History Matching And Uncertainty Quantification Of Reservoir Performance With Generative Deep Learning And Graph Convolutions
Shishaev G, Demyanov V, Arnold D, Vygon R
Generative deep learning is becoming a widely used approach in geological modelling, especially in problems that involve optimization processes under uncertainty like history matching. The basic idea of reservoir modelling and history matching by generative deep learning is to train some kind of reservoir generator and provide optimization under different constraints. There are different approaches that have been developed to utilize various modifications of Generative Adversarial Networks or Variational Autoencoders to implement reservoir generators, but most of them have “conventional” convolution neural networks, hence all data have to be regular (rectangular) in structure. This should be recognized as a limitation.
In this work, we introduce a novel approach of reservoir modelling with Variational Autoencoders based on graph convolutions as opposed to “conventional” convolutions. In our approach reservoir model is considered as a graph, i.e., not a structured data type. Graph convolutions can deal with these data types, and connection with Variational Autoencoders provides us with the capability to generate initially unstructured reservoirs. Variational Autoencoders (VAE) demonstrate the ability to implicitly parameterize geological representations into a latent space of reduced dimensionality and provide ways to uncertainty quantification and production profiling among various geological concepts.

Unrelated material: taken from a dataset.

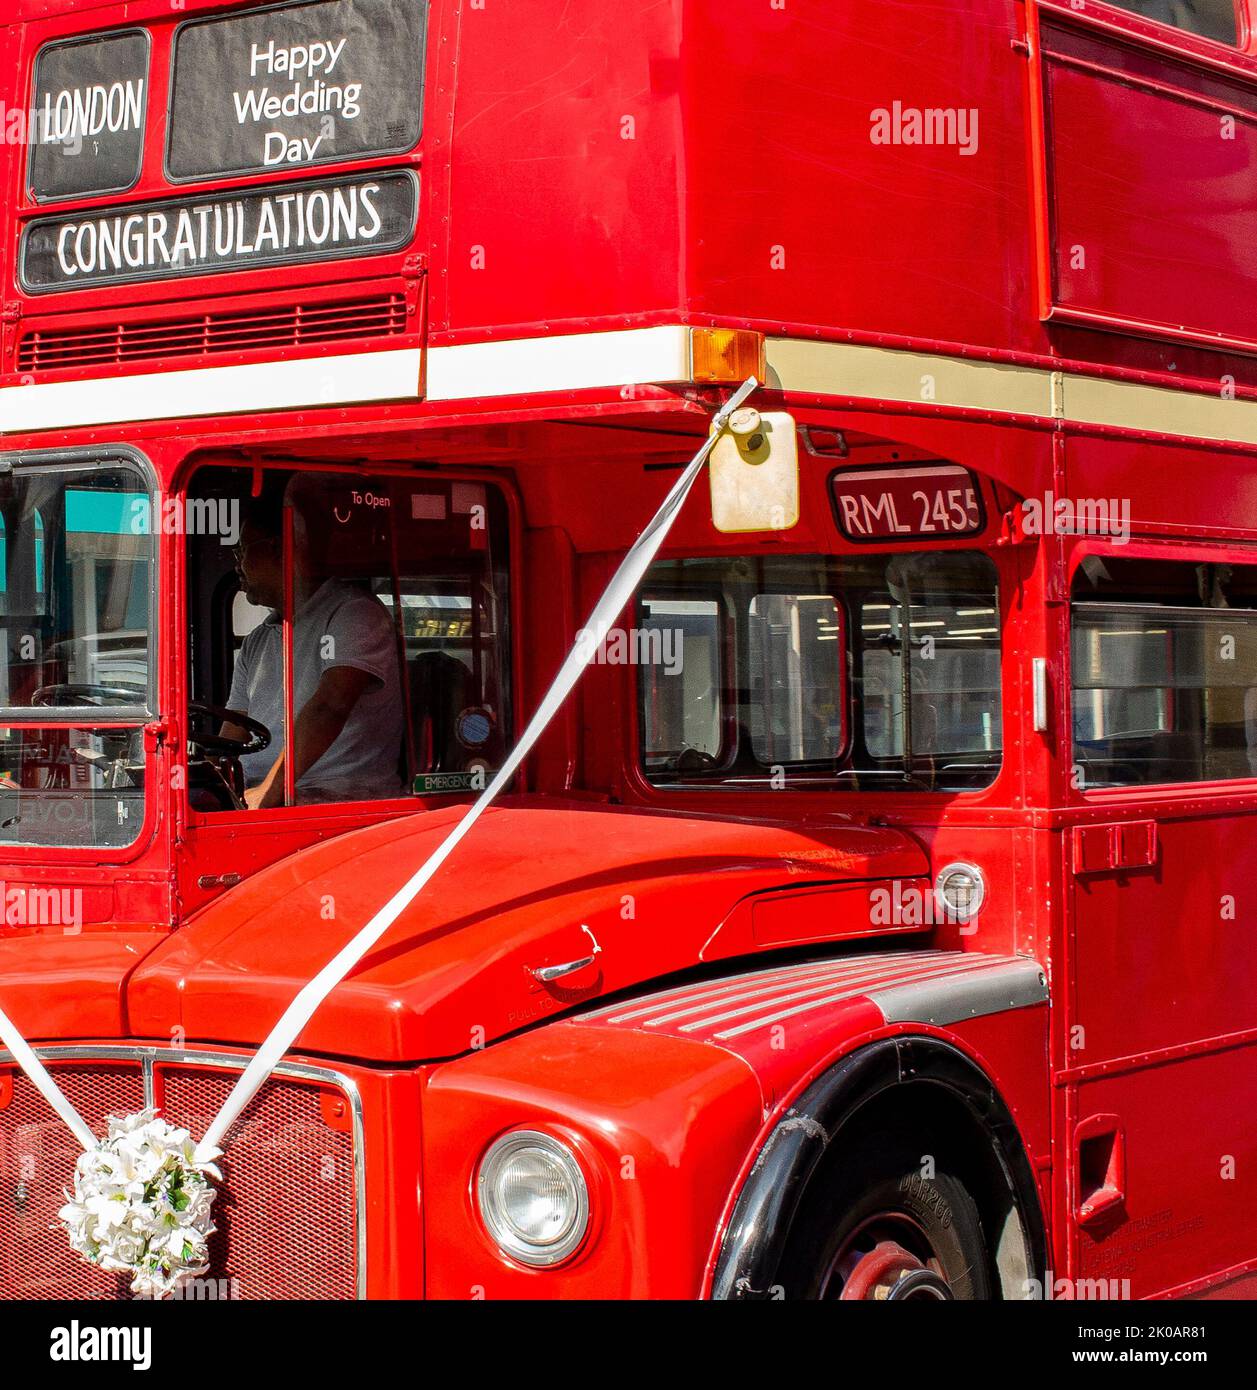 Red London Transport bus acting as private hire for weddings with sash and 'Happy Wedding Day' Stock Photo
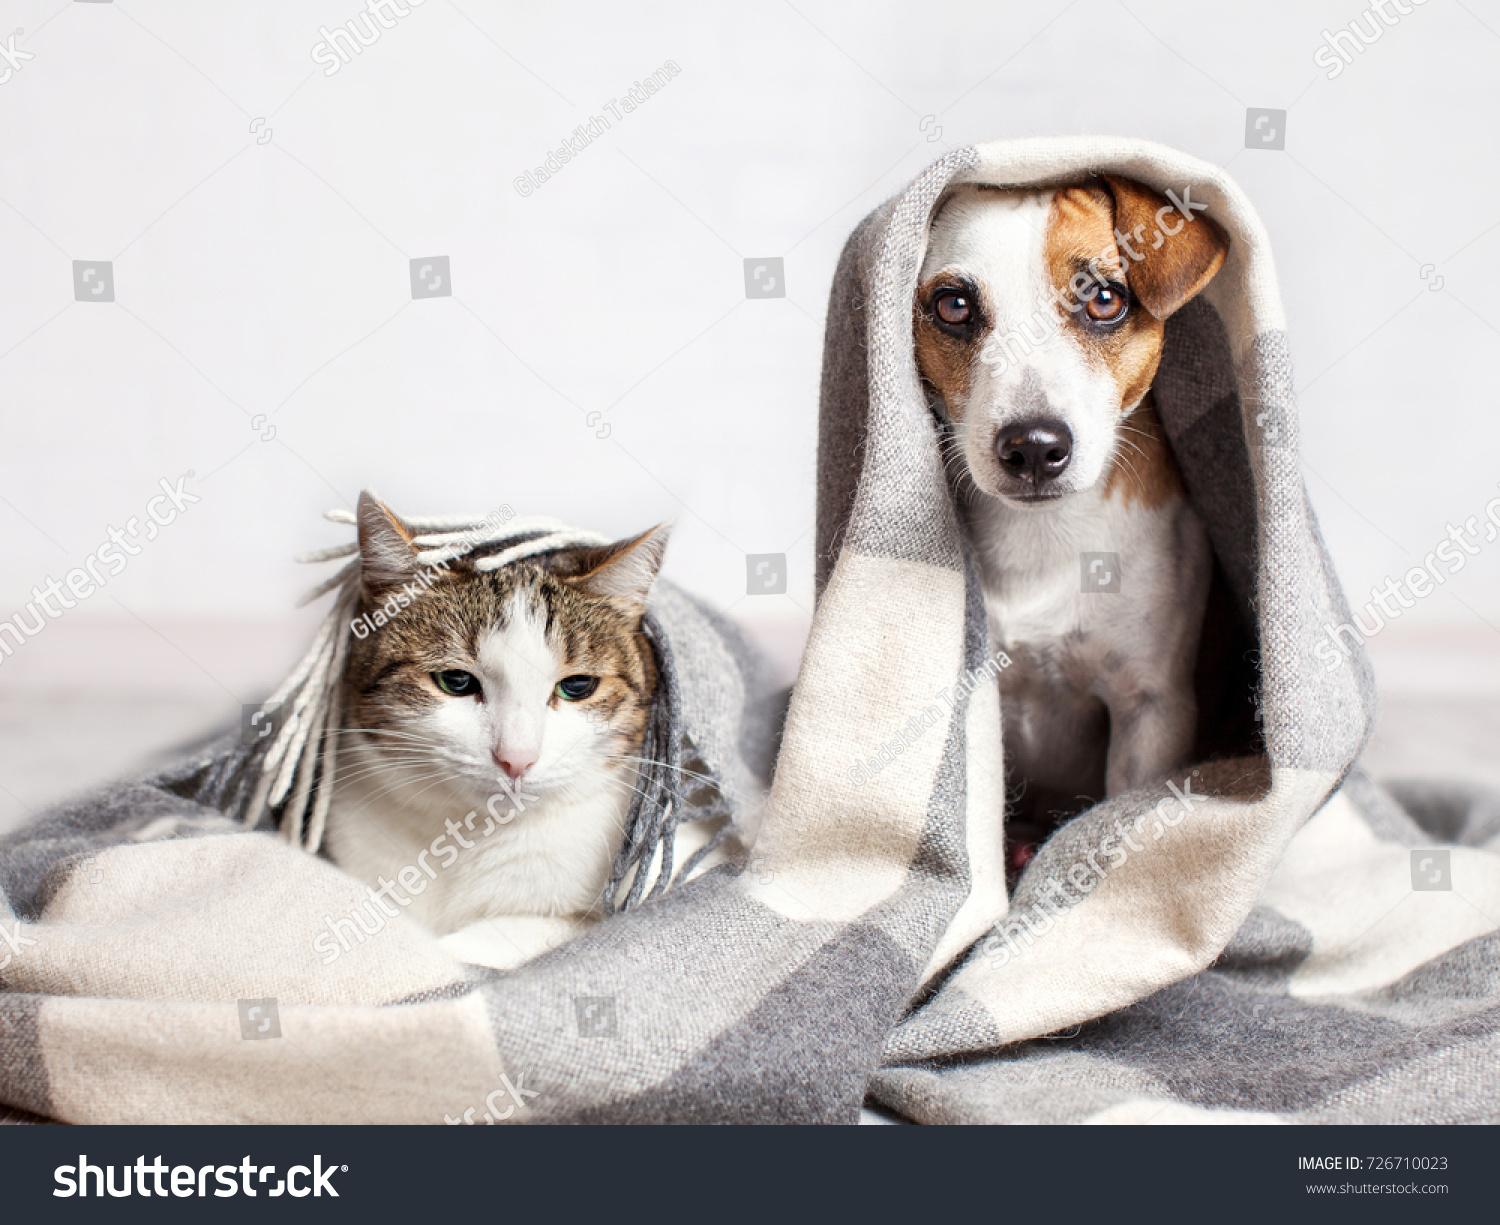 Dog and cat under a plaid. Pet warms under a blanket in cold autumn weather #726710023

In the first part, we introduce the motivation to Graph Variational Autoencoders (GVAE) as opposed to conventional Generative Deep learning models. The rest of the paper is dedicated to experiments on a synthetic dataset with two different geological scenarios. We show that trained GVAE performs the generation of reservoir models with reliable geology. A latent space structure between Encoder and Decoder of GVAE is represented, and interpretation considering geology under investigation is performed. Finally, we show how latent space can help to estimate the uncertainty of production and an optimization workflow under well data constraints.